Identify vocab missing from wk using Juman


#1
I was curious as to how much vocabulary I should learn outside of wanikani, so I spend the last 6 hours trying to get Juman (http://nlp.ist.i.kyoto-u.ac.jp/EN/index.php?JUMAN)  to compile to Javascript using Emscripten.

I got it to work (kind of) and I put up an ugly page that classifies the vocabulary in three categories:
- blue words are on Wanikani (hovering gives the wk level)
- red words are not on Wanikani (maybe it shoud be?)
- purple words cannot be expected to be on Wanikani

If you want to try it at:

http://ikalou.fr:8123/lib/

you're going to have to wait a bit for the dictionary files to load the first time. DO NOT try to input more than 4/5 sentences at a time or you'll be sorry: it is painfully slow/memory hungry.

EDIT: Firefox, Chrome and Safari should all work now.

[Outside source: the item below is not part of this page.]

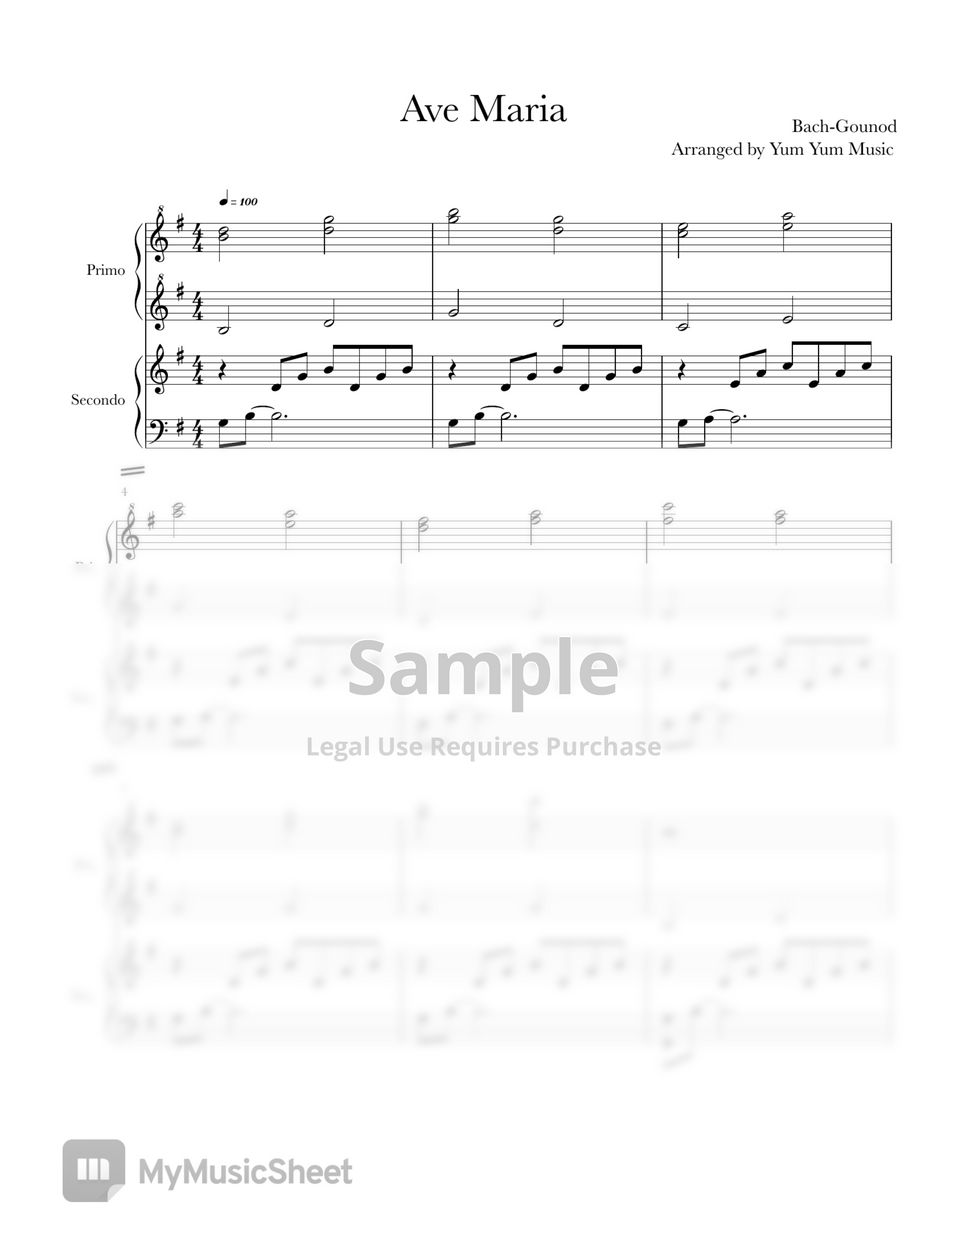 Bach-Gounod - Ave Maria Piano Duet by Yum Yum Music

I know it still has many bugs but let me know how this is working for you, I'm curious as to how viable lexical analyzers such as Juman are. I don't want to spend too much time on it if it's not very accurate.

Annnnnddd now I'm behind my reviews.

#2

FYI, works on Safari 7.0.1 too.


#3

Thanks for the info,

It should work ok for every “good” browser now (utf-8 is a pain…).


#4

I apologize if I’m slow on the uptake here, but can you ELI5 what this is supposed to do? I tried to read the JUMAN manual and got lost pretty quickly.


#5

can you change the colors?
the red and purple are too much alike.


#6

@awesomeo

I don’t know any of the details, I had enough troubles just getting it to work the way I want.

JUMAN
slices up a sentence into morphemes and sticks a label to them (e.g.
普通名詞 common noun, 助詞 particle,…). When there is an ambiguity it simply
returns its best guess.

[水を飲んでいます] is broken down to [水 | を | 飲んで | い | ます]. It will even find the dictionary form [飲む].

I
use it to get a sense of how difficult a read seems or to find the
words that wanikani does not teach so I can put them in a deck if they
appear reasonaly useful. I wanted to make an add-on to do it on the fly
to webpages I visit but it is too slow as it is now.

@Apraxas

You’re right, I’ll try to make it a bit more readable sometime tomorrow.


#7

This seems promising! Thank you so much^^


#8
Ikalou said... @awesomeo

I use it to get a sense of how difficult a read seems or to find the words that wanikani does not teach so I can put them in a deck if they appear reasonaly useful. I wanted to make an add-on to do it on the fly to webpages I visit but it is too slow as it is now.
 Oh, that sounds really useful. I would definitely use that if you can get it to work as an add-on.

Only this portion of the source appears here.